I am a maths freak. Yes, till date I am. So I took up MPC as my Intermediate course. Without much struggle cleared it and joined in an Engineering college, not just an ordinary college but the best one in the city (forgot to mention a college just for women). My life completely changed after that. I knew as I stepped into the college this is where I belong to. This was never in my wish list. It need not be. What matters is whether I am happy or not. As I checked the syllabus, in one of the semester, I found Java as my core subject. My happiness knew no bounds at that moment. That was one of my childhood dreams and I declare, the only one that is fulfilled. I slowly started liking my course. And thus my goal was set. This time a firm one. I decided I am gonna work for a company where I can implement the subject I studied here. This is gonna be my destination, I told myself. I dreamt of it, dreamt of it all the four years. And yes, I achieved this dream. Its only later that I came to know it was more of my parents dream than mine.

Dreams may or may not change. But our desire to fulfill them must always remain the same.

The Road of Relations

Yesterday, I was walking on the road. Not that this is the first time I am walking, but it is very rare for me to come out at 7 in the morning. I didn't know the day starts so early for many people, maybe I live in my own world. Its really surprising to see what all that happens during these early mornings. I saw small groups of beggars (many may feel this as an inappropriate word, but a substitute won't change the meaning) sitting, probably with their families or friends, having a hearty chit-chat. They were sharing that little food, they held preciously in their hands bought at the places where I as a student with limited-preserved pocket-money used to go. Every time I give a coin to a beggar, I had named the feeling I see in their faces as Happiness. But now realised that was just gratefulness. Happiness is what I saw in their eyes when they are with their loved ones. But the question is which of these two feelings is of prime importance. This is yet another doubt added to the humongous number of confusions in my life.

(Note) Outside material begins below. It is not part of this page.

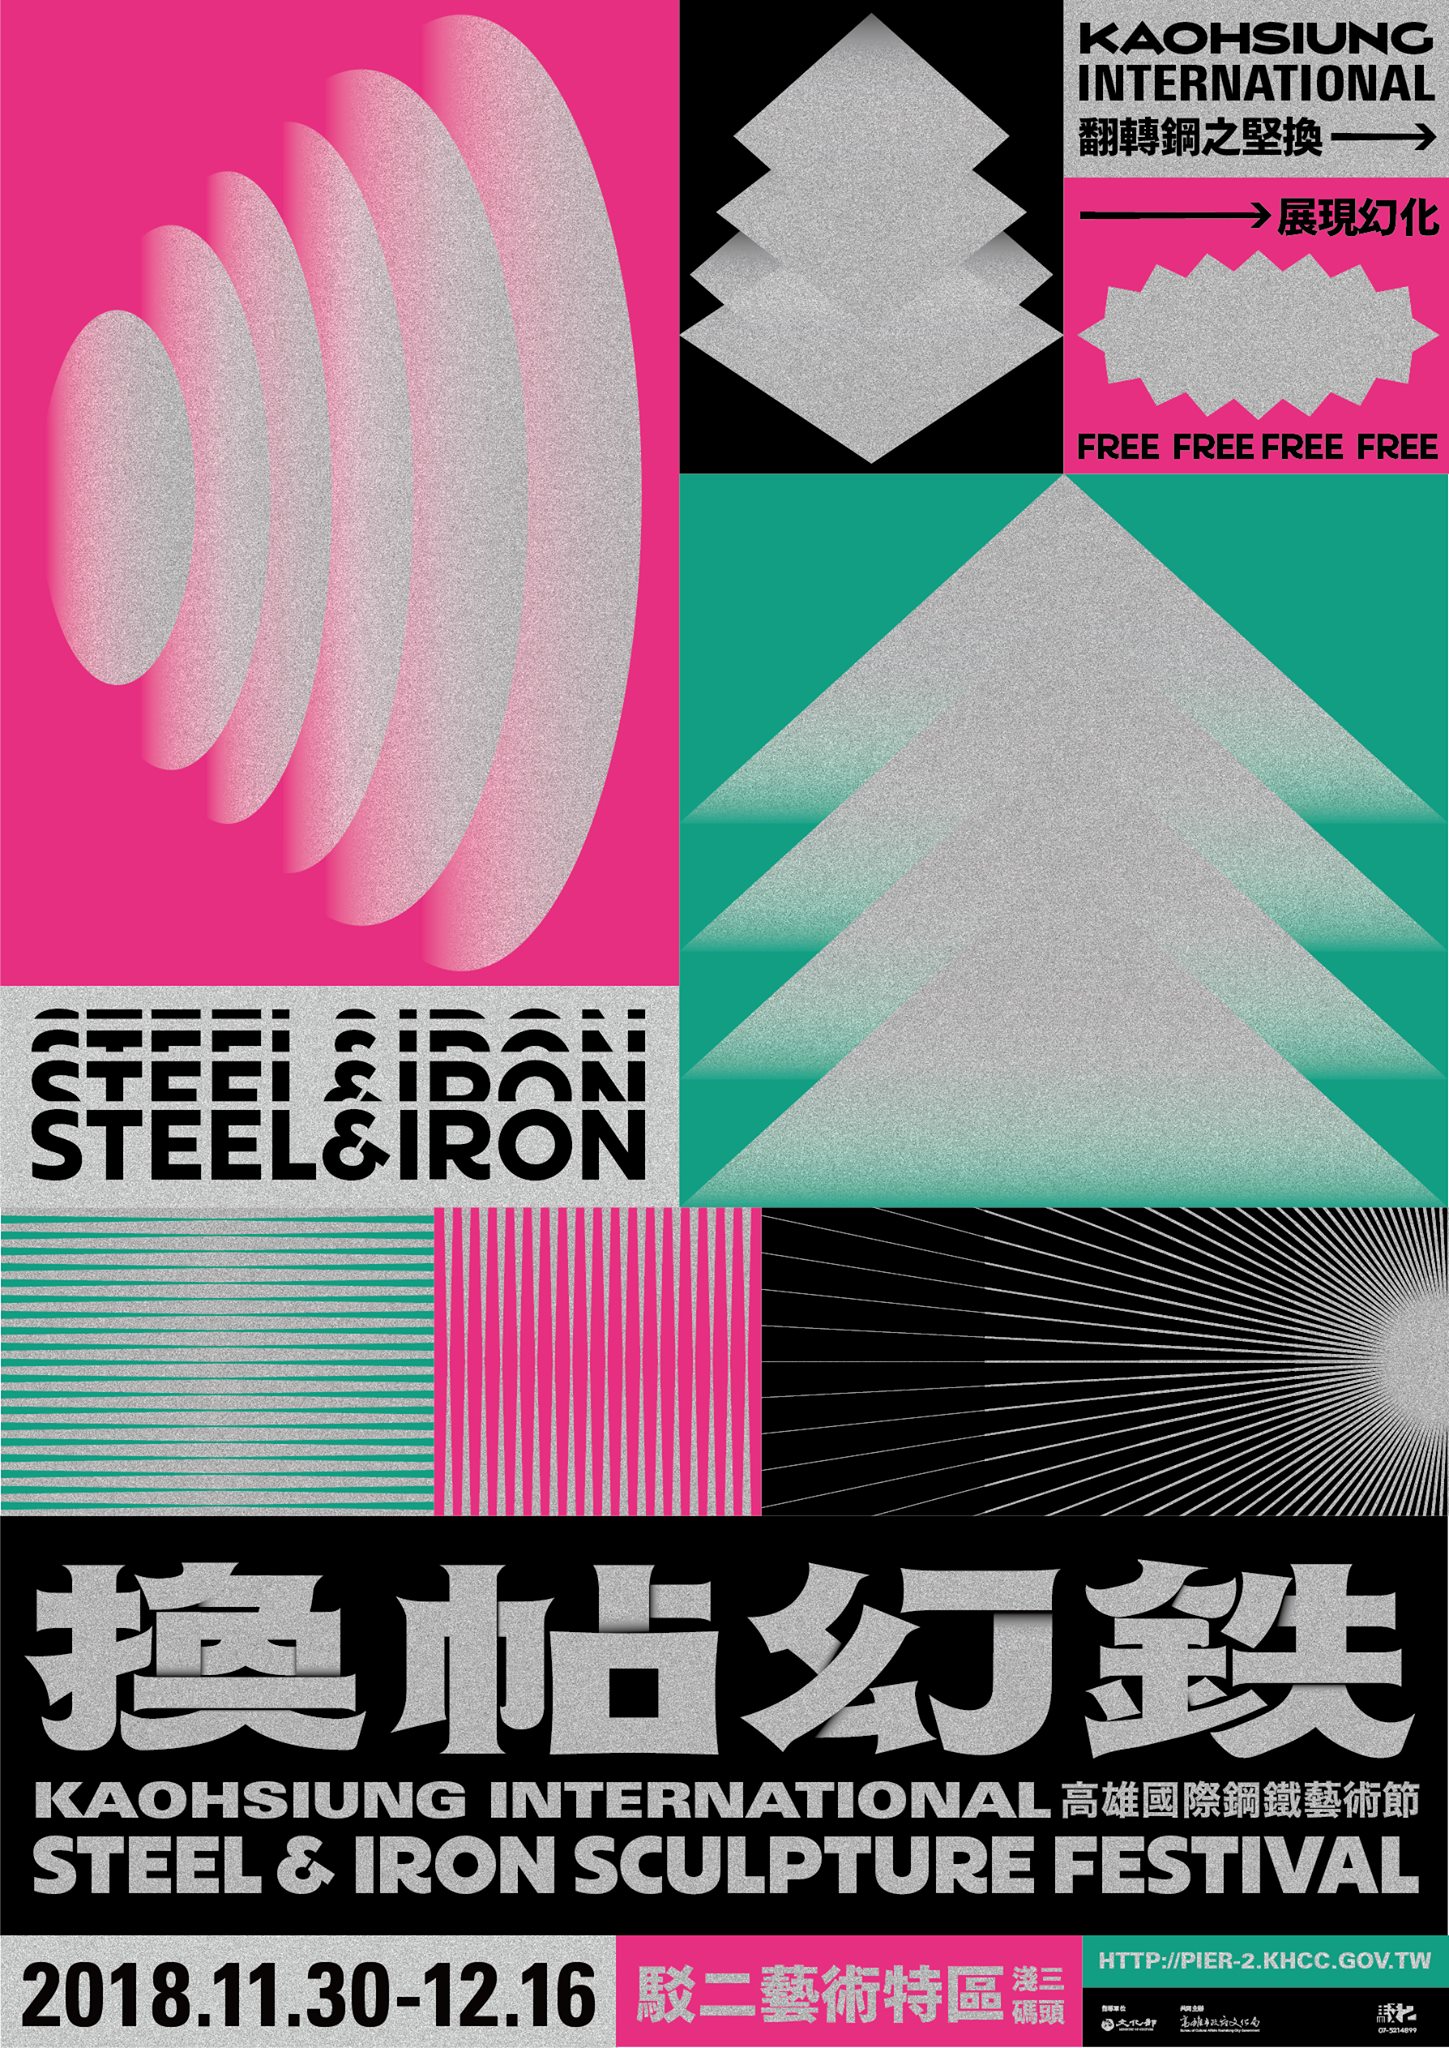 换帖幻铁-高雄国际钢铁艺术节海报设计

Then I saw a young couple walking hand in hand. The guy was on a call and the girl was busy selecting songs in her iPod. Initially, I assumed that to be just another example of our modern life. They were together only physically and were walking being each engaged with their own self. The next moment the girl placed one of the earphones in her partner's ears and smiled warmly. The guy smiled back with the look that said I am-happy-to-have-you-by-my-side and responded quickly by hanging up his cell. This small incident taught me the meaning of perfect understanding. It is giving our mates their own space and at the same time not giving them a chance to miss you.

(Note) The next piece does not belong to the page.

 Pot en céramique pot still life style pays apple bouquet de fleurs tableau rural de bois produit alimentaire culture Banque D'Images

I took a turn from that road and headed in a different direction. But it's only later that I came to know that it was not just a turn, but a twist. I saw a half-naked woman, around 50 lying on the footpath shouting in the language of pain and only pain. I saw a dosa bandi here too, only that the bandi had no customers. He reduced the rate and increased the size of dosa. But for no use. I saw a lovely couple, the guy was trying to catch up with the girl walking ahead of him, trying to talk, maybe convince. But for no use. A college student who missed his bus, tried painfully hard to catch it. But for no use. This is it I thought, that turn there was the end of Road Of Relations.

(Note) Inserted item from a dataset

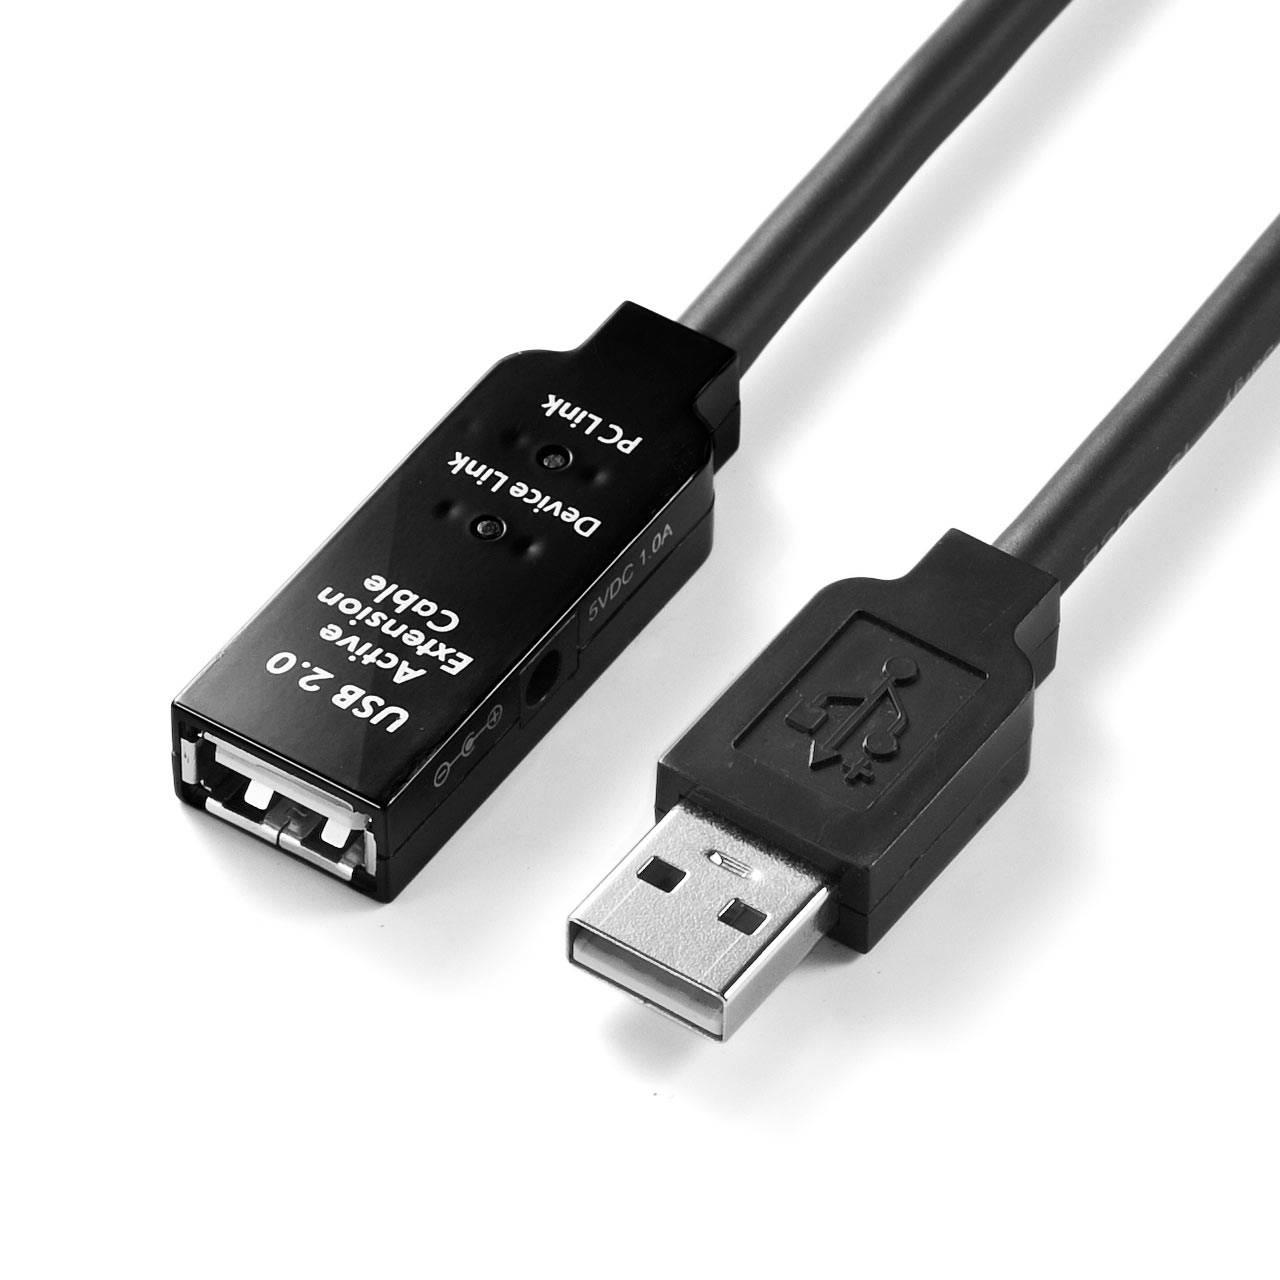 USB2.0P[ui50mEubNj 500-USB007-50

As the time passed by few minutes and my walk crossed by few kilometres, the road became busy with some students rushing to their colleges, some waiting for their buses, eyes on cell, fingers punching the keypad and a smile on face. People appeared to carry an I am-all-geared-up aura around them. Yes, they were employees both white-collared and blue. The chai-wala has already started serving his customers-cum- dearest friends.The dosa stall uncle was putting up a tent before his bandi, the chai-wala was helping him and people have already started flooding.